---------- Information given

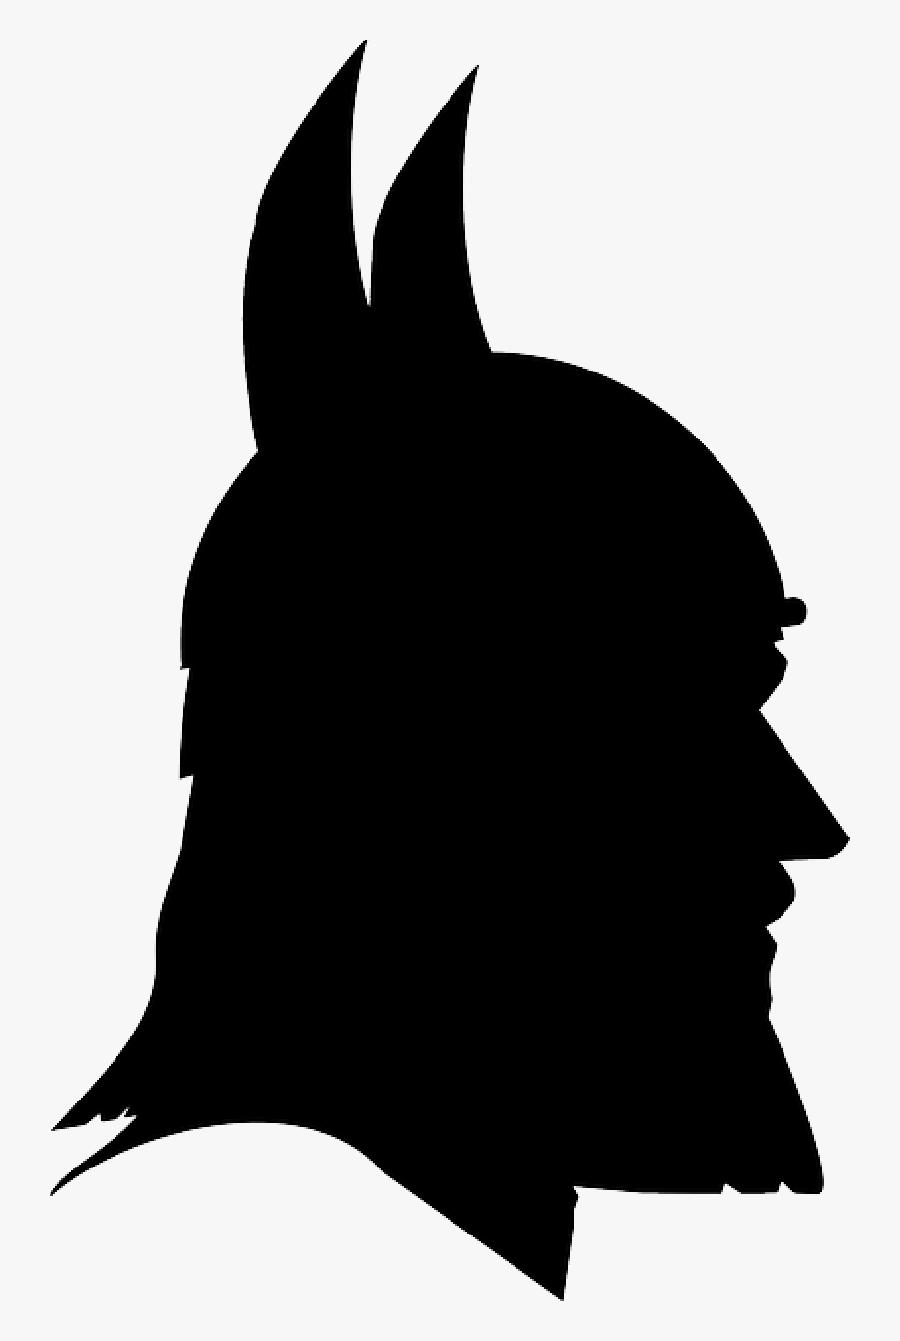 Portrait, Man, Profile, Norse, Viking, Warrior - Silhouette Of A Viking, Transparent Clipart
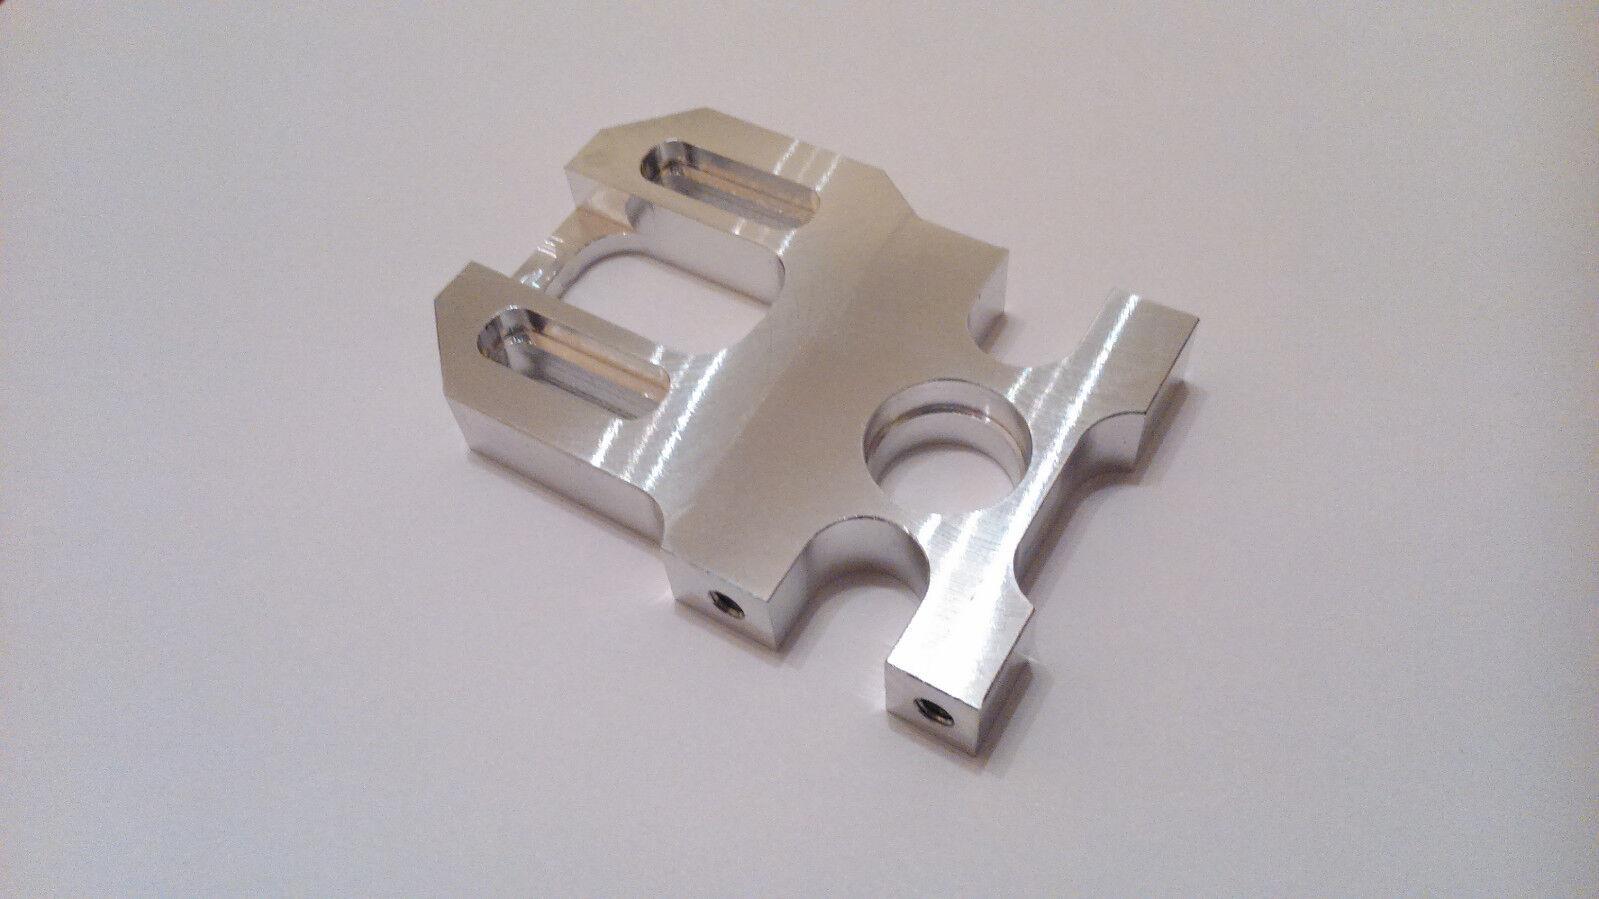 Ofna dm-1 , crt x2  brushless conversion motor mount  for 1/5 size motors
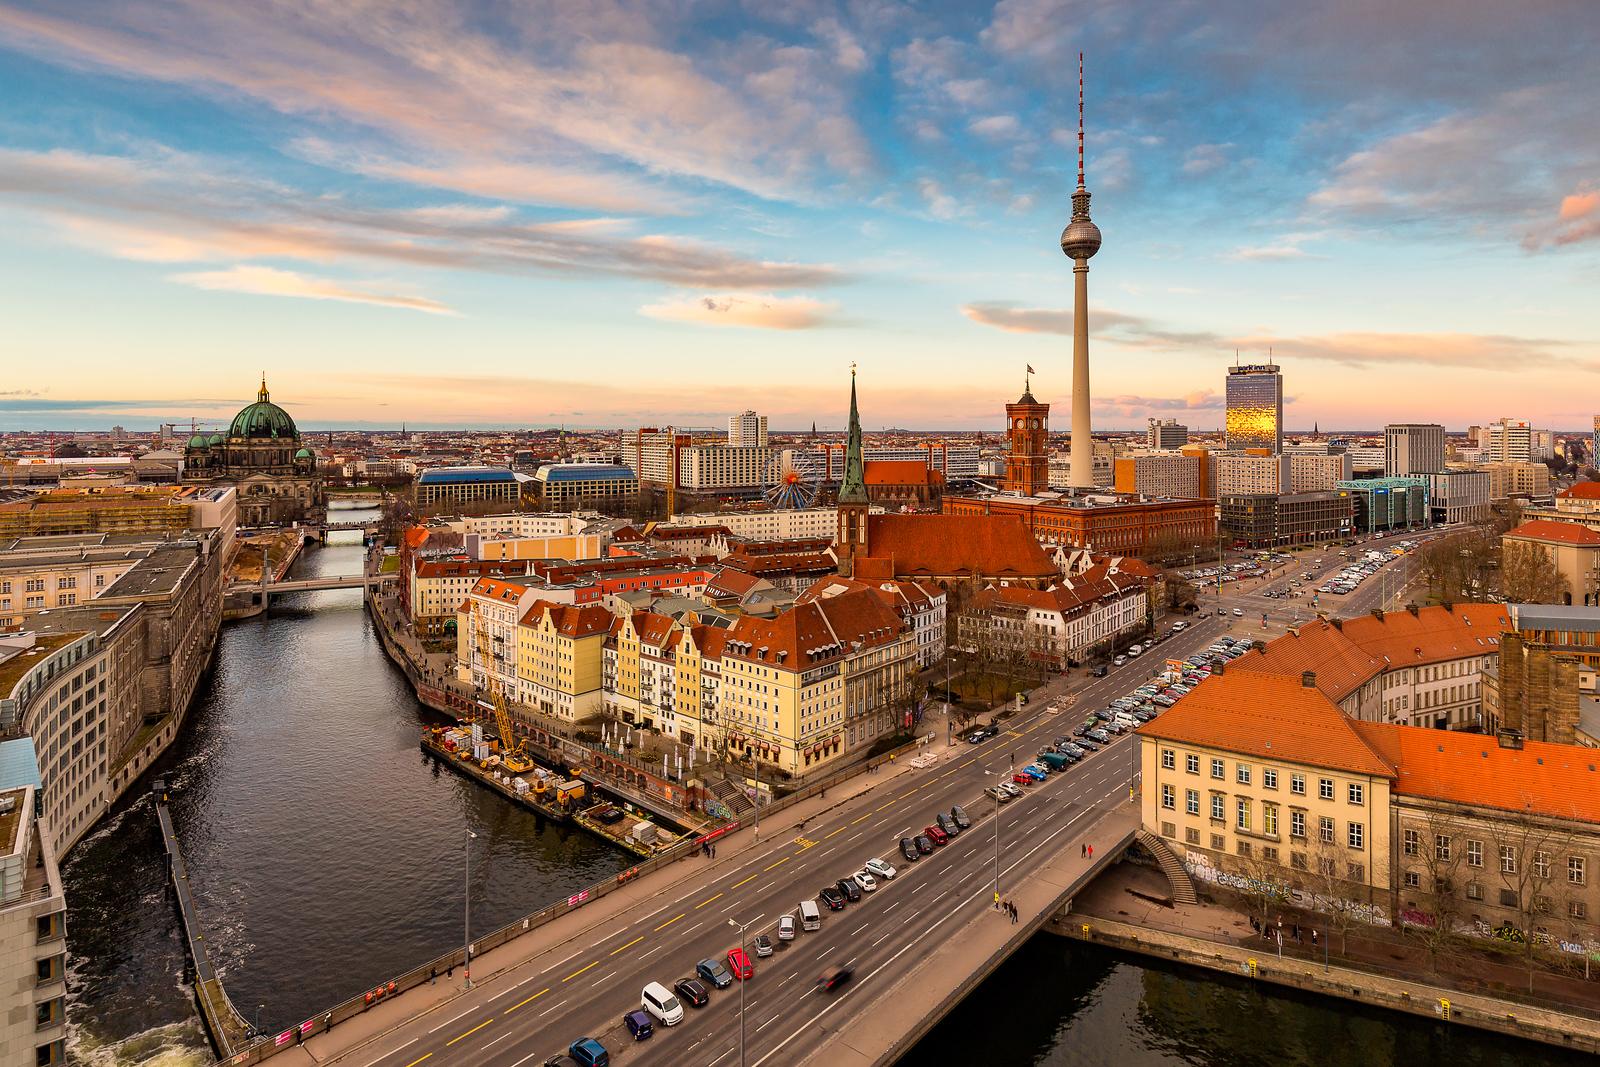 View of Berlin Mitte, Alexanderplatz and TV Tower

--------------------
---------- Information given

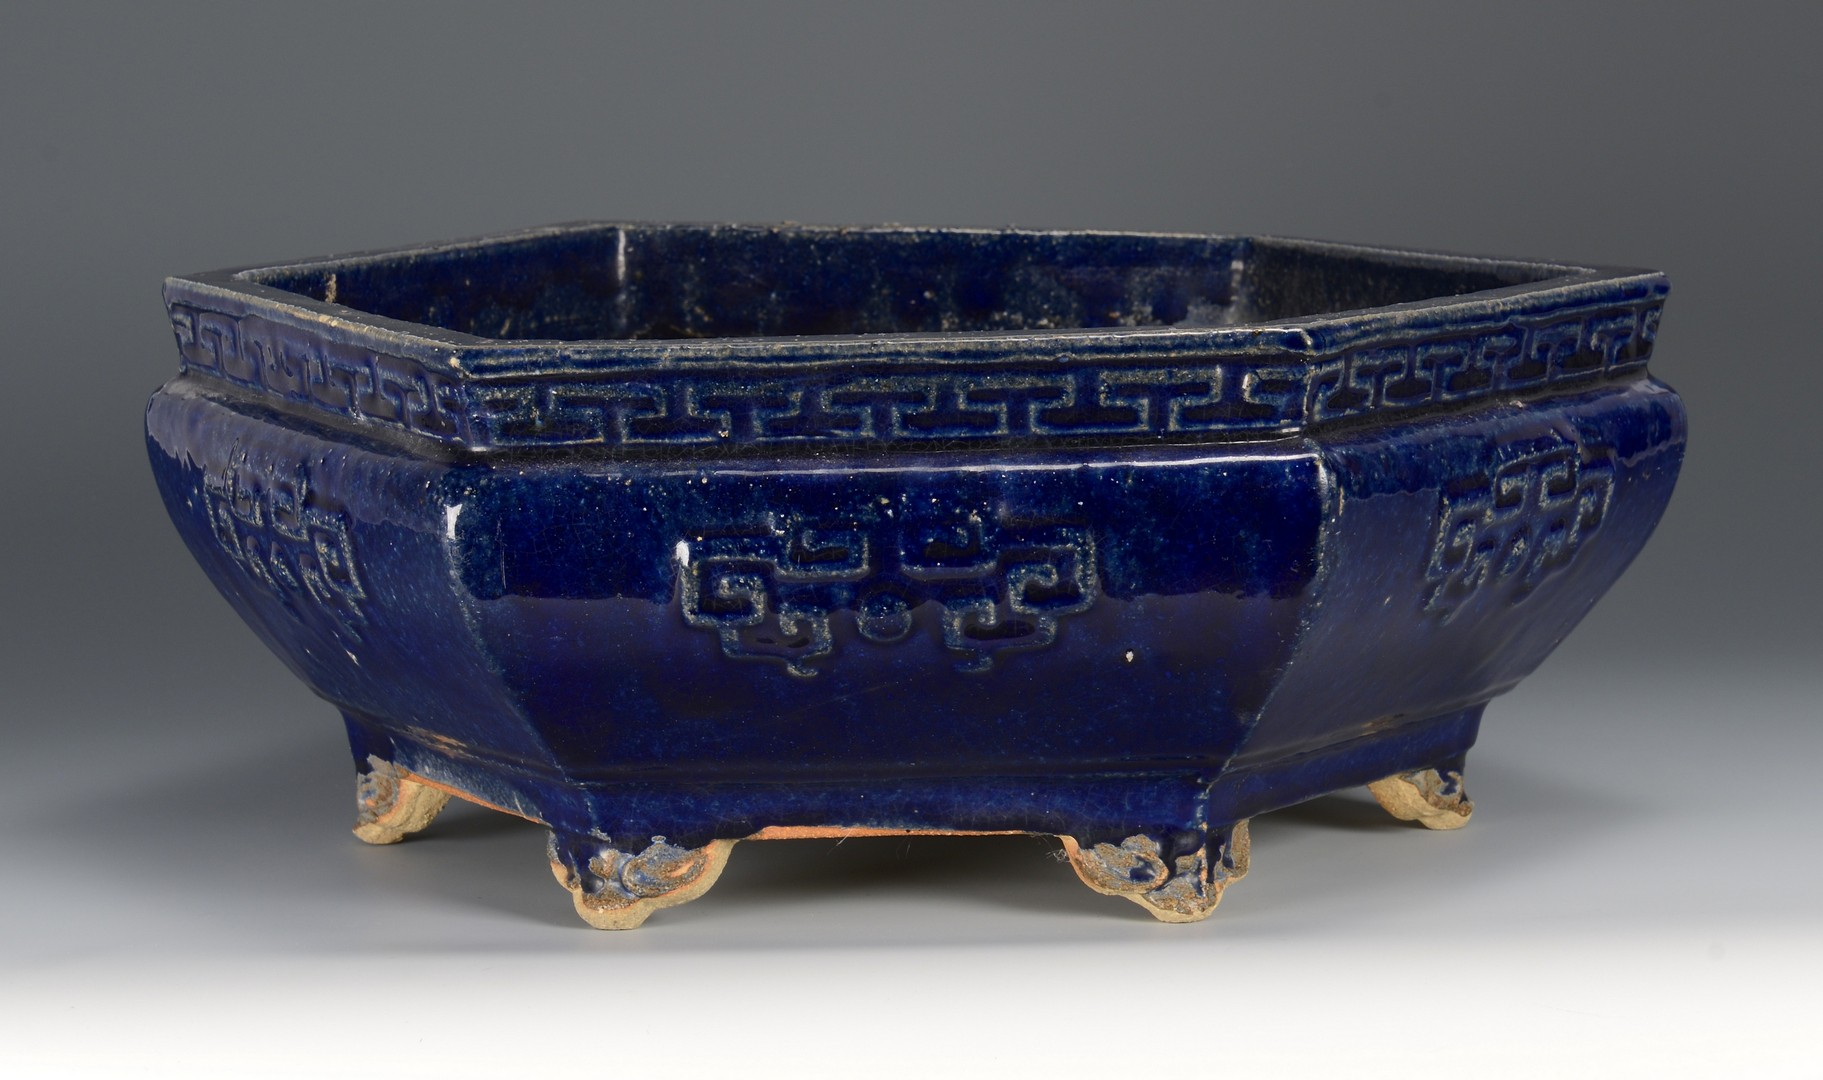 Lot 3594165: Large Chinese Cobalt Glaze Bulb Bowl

--------------------

How to complete this task — Everything above from the line containing "Portrait, Man, Profile, Norse, Viking, Warrior" down to the line containing "View of Berlin" is to be duplicated exactly, both lines included, and the pictures are to be omitted.

Expected answer —
 Portrait, Man, Profile, Norse, Viking, Warrior - Silhouette Of A Viking, Transparent Clipart
 Ofna dm-1 , crt x2  brushless conversion motor mount  for 1/5 size motors
 View of Berlin Mitte, Alexanderplatz and TV Tower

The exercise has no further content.